━━━━━ INPUT DATA

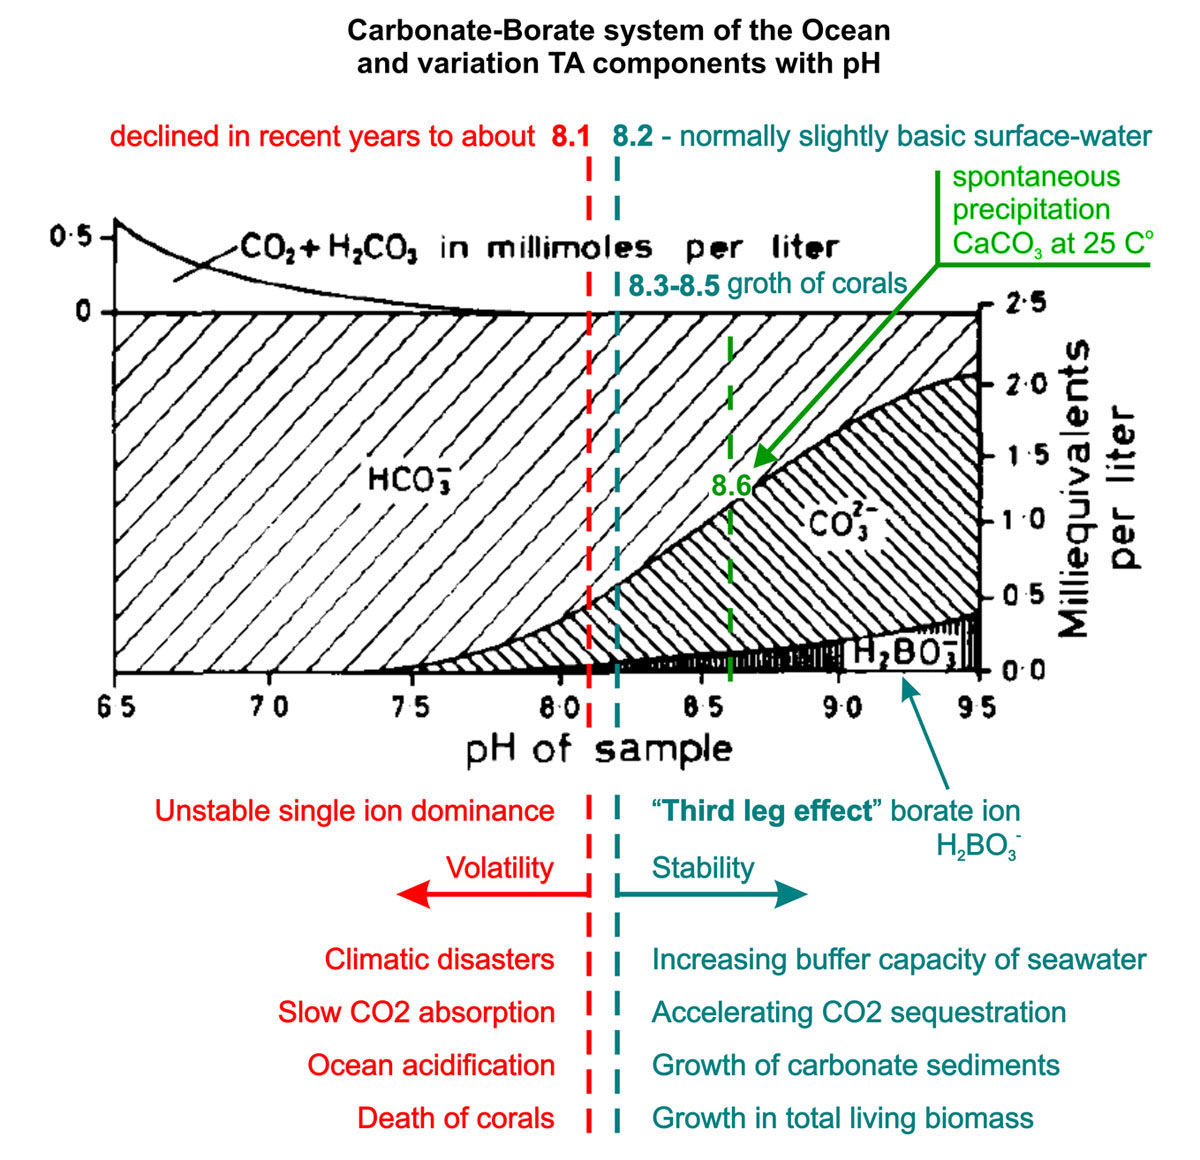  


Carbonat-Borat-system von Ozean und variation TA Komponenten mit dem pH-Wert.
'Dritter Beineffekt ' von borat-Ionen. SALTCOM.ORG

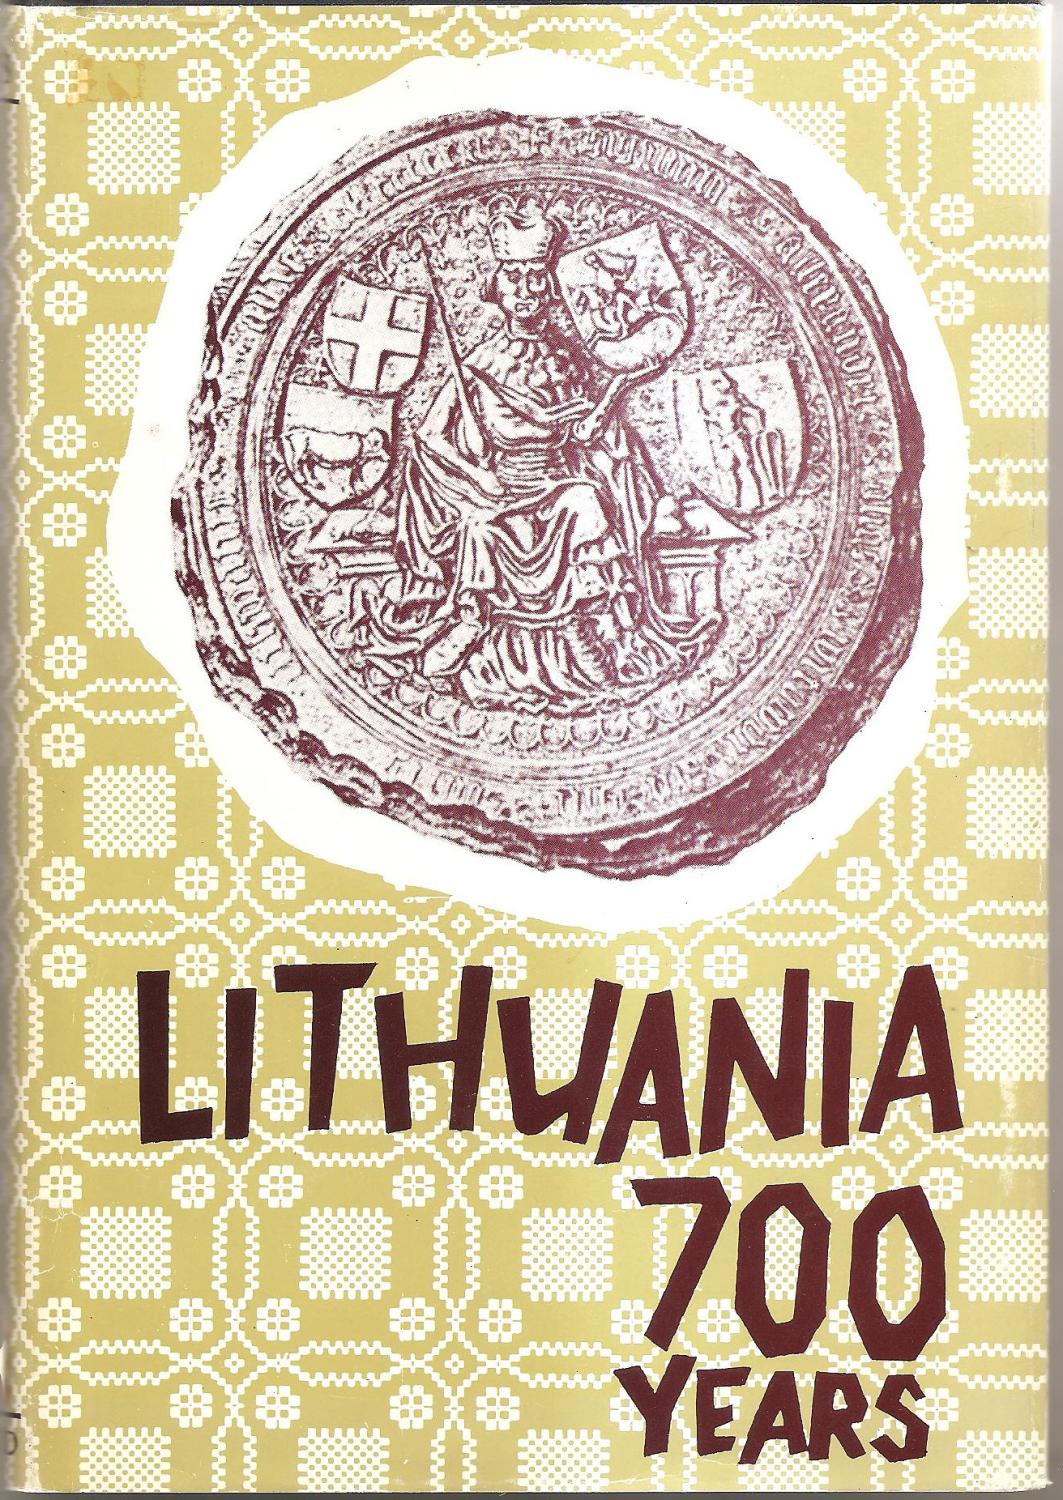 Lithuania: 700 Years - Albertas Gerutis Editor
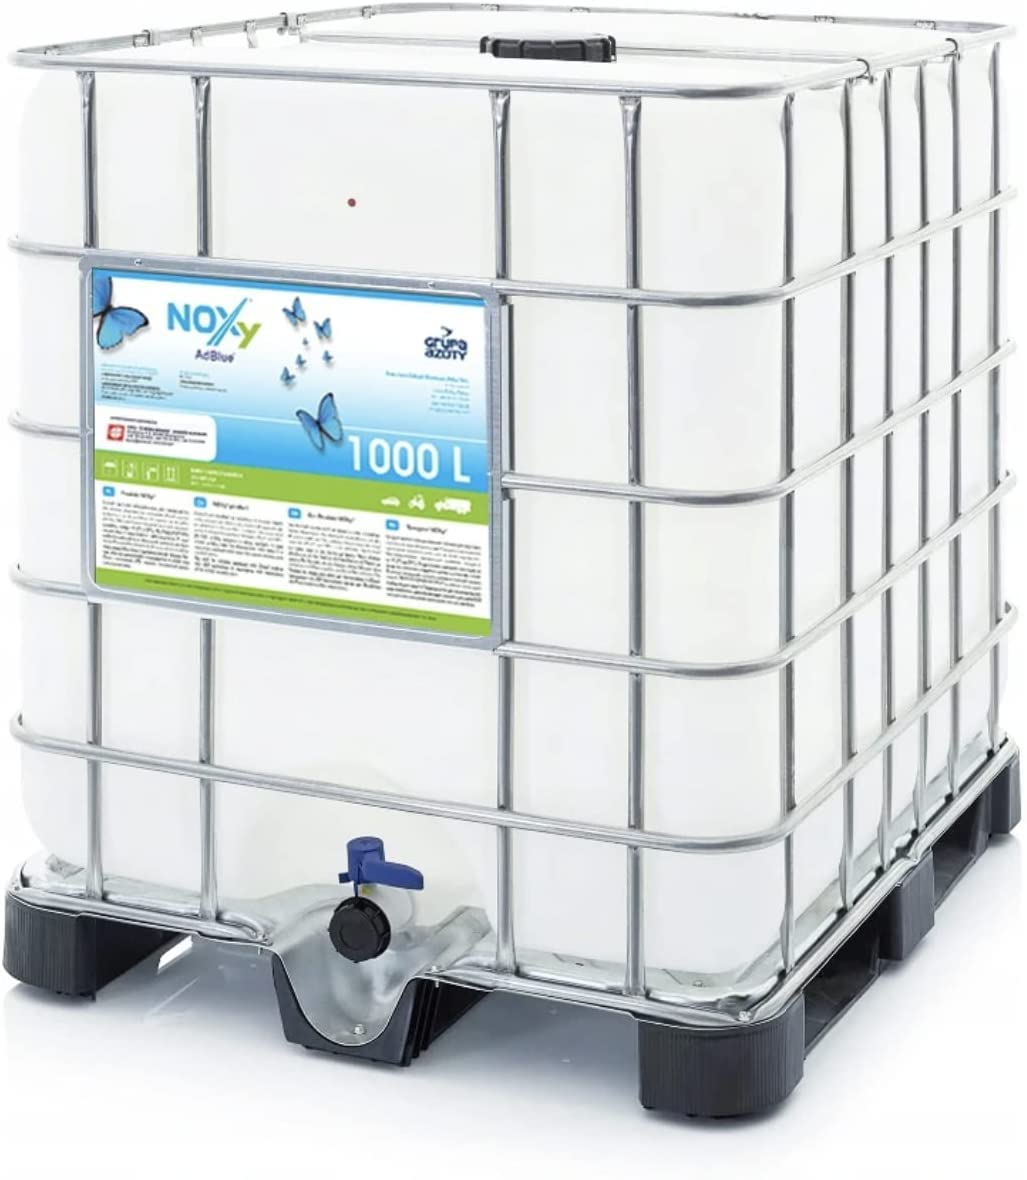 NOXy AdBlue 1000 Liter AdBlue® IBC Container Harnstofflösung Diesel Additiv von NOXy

━━━━━━━━━━

EXERCISE DETAILS:
Only text belongs in the copy: repeat each line of the data exactly and leave out the pictures.

TASK OUTPUT:
Carbonat-Borat-system von Ozean und variation TA Komponenten mit dem pH-Wert.
'Dritter Beineffekt ' von borat-Ionen. SALTCOM.ORG

 Lithuania: 700 Years - Albertas Gerutis Editor
 NOXy AdBlue 1000 Liter AdBlue® IBC Container Harnstofflösung Diesel Additiv von NOXy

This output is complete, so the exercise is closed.